__PROBLEM REQUIREMENTS__: All of the data must be output exactly, with every picture left out.

SOURCE MATERIAL section start

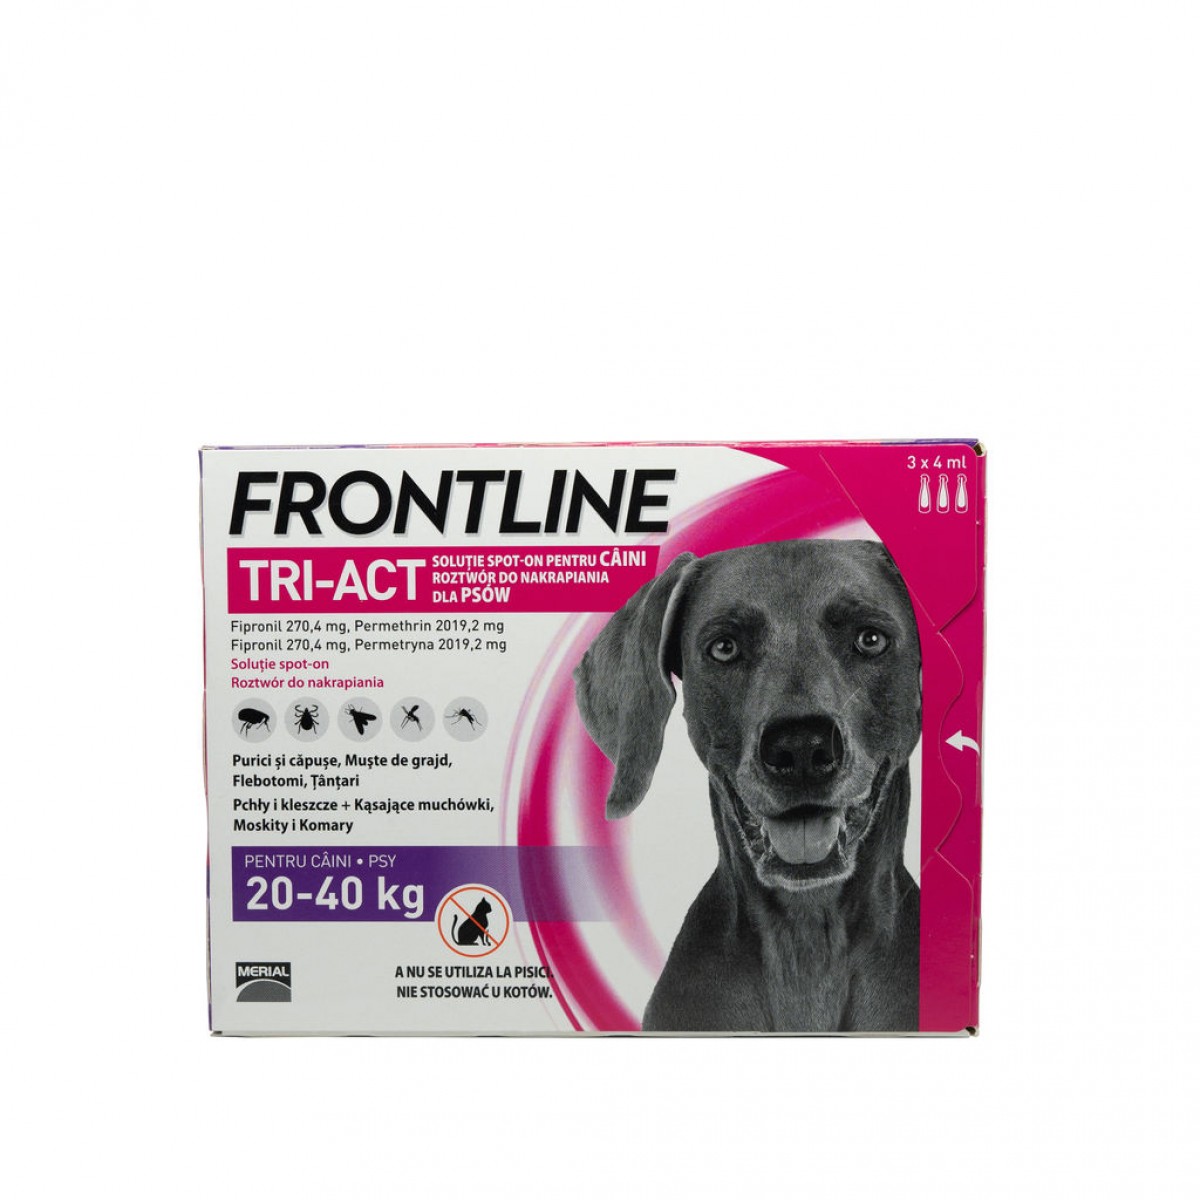 Frontline Tri-Act pentru caini de talie mare 20-40kg, 3 pipete antiparazitare, Antiparazitare externe, Antiparazitare, Câini 
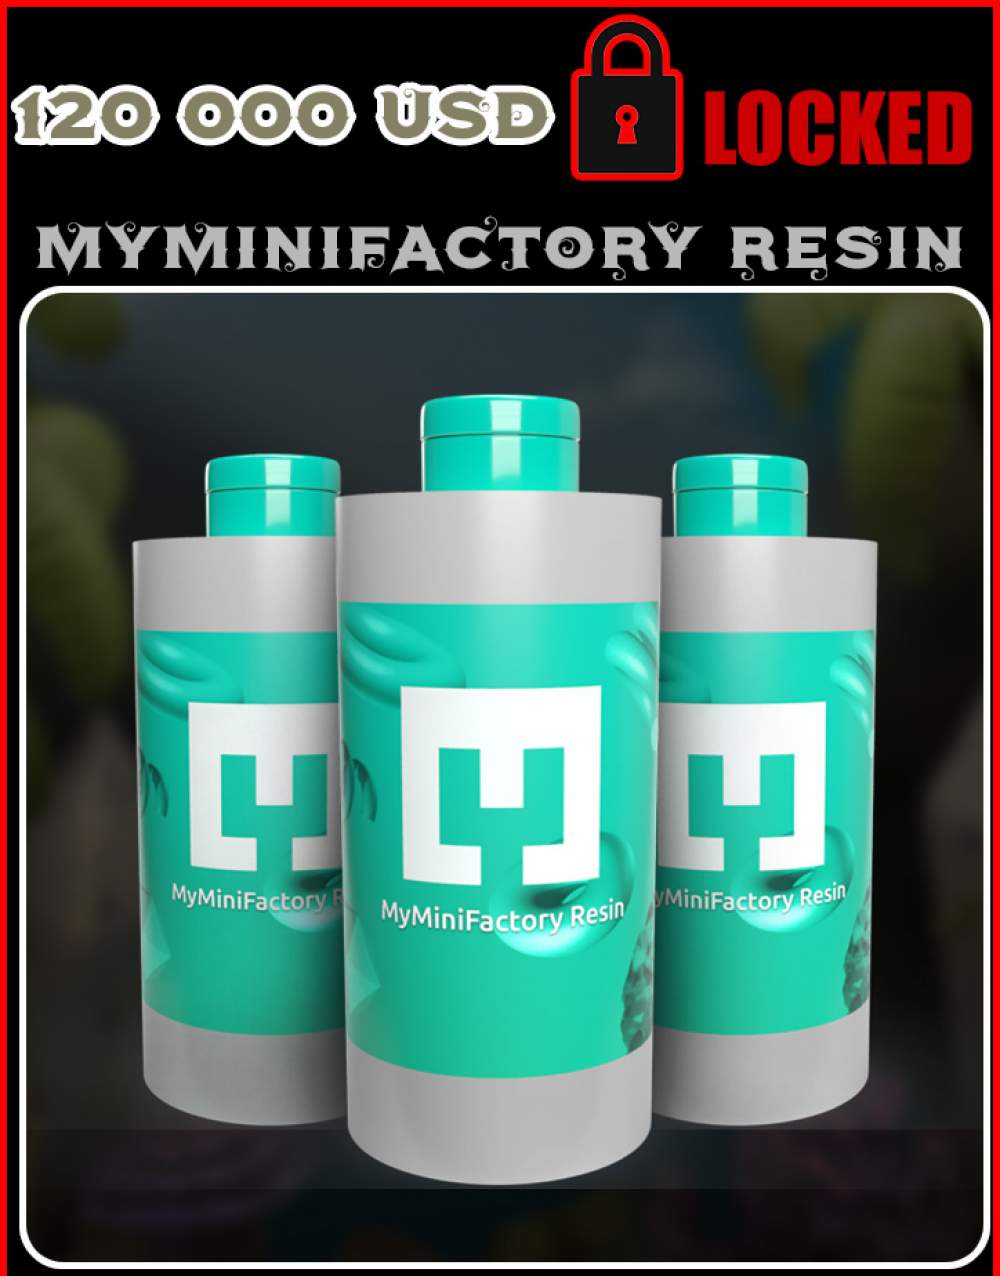 MyMiniFactory Branded Resin
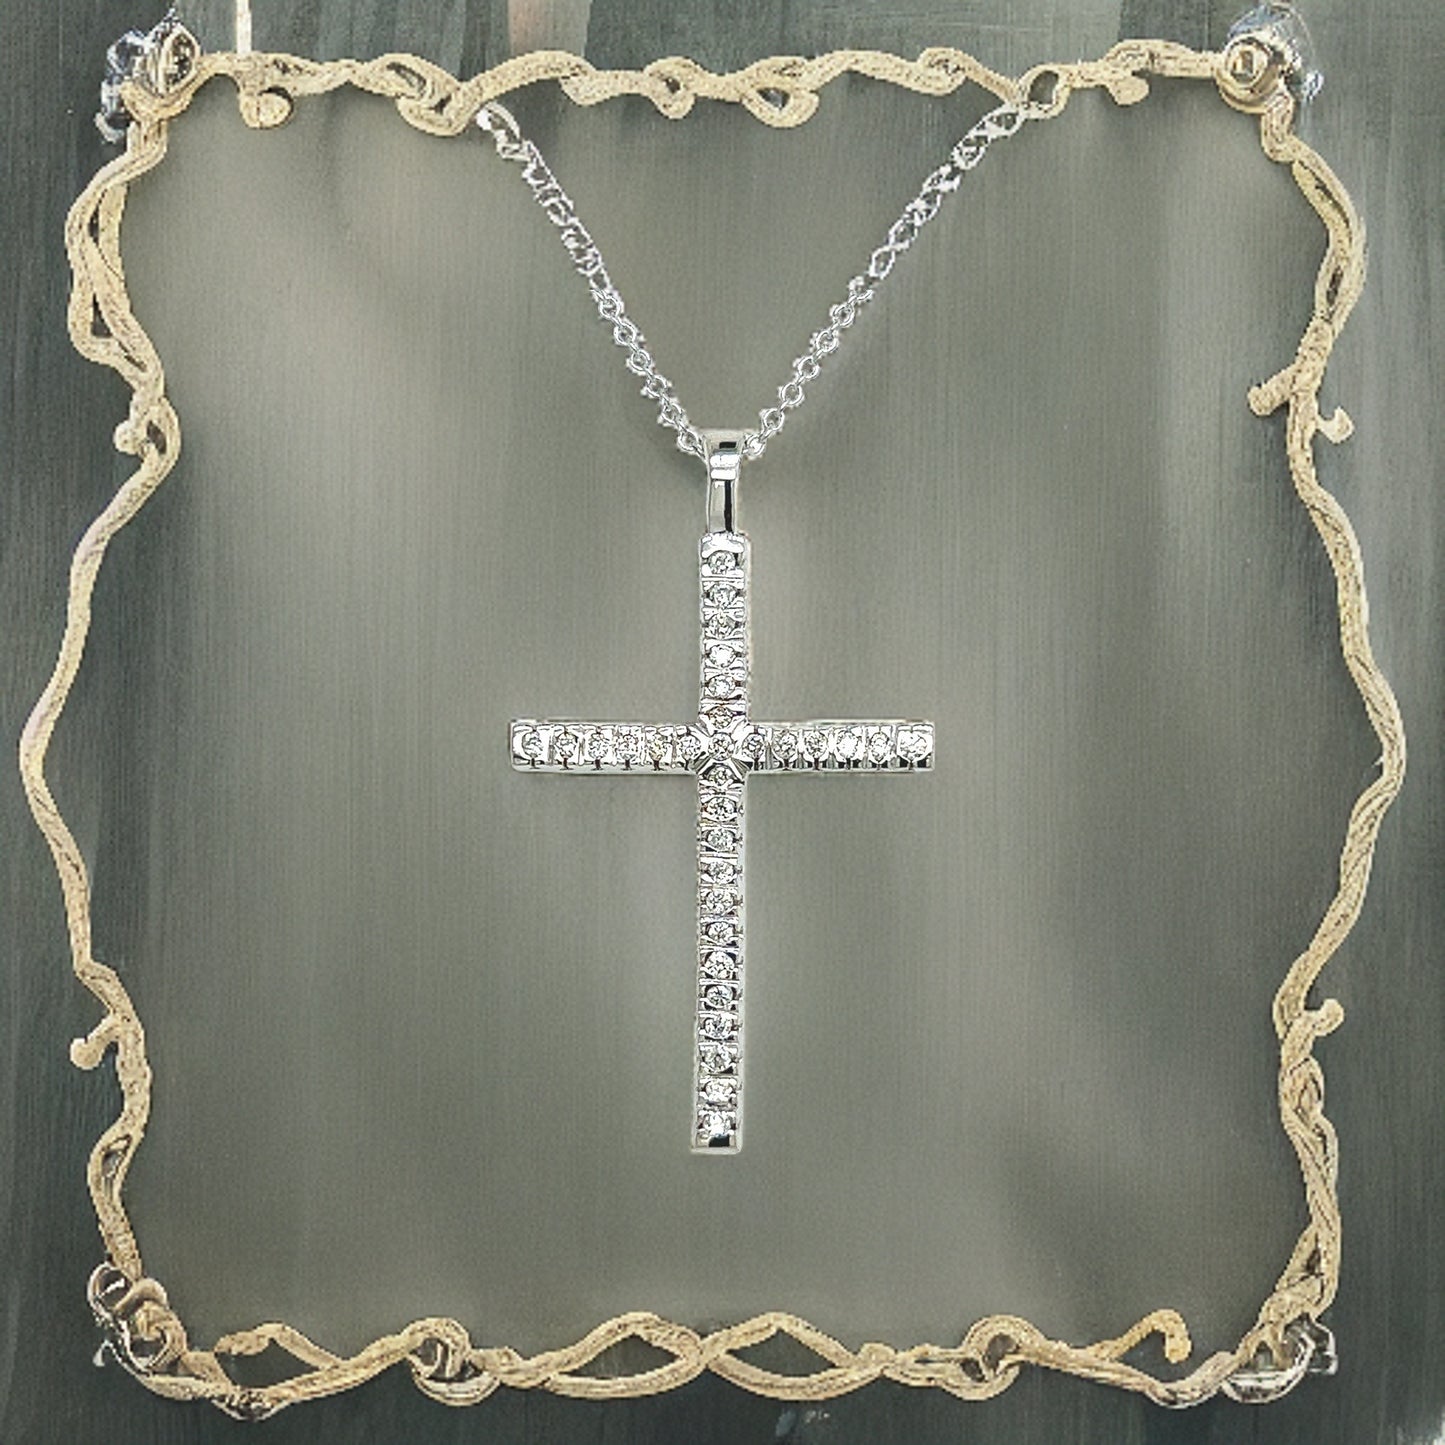 Natural Diamond Cross Pendant 17" Chain 14k White Gold 0.41 TCW Certified $3,490 307921 - Certified Fine Jewelry

SOURCE MATERIAL section end

__RESULT__:
 Frontline Tri-Act pentru caini de talie mare 20-40kg, 3 pipete antiparazitare, Antiparazitare externe, Antiparazitare, Câini 
 MyMiniFactory Branded Resin
 Natural Diamond Cross Pendant 17" Chain 14k White Gold 0.41 TCW Certified $3,490 307921 - Certified Fine Jewelry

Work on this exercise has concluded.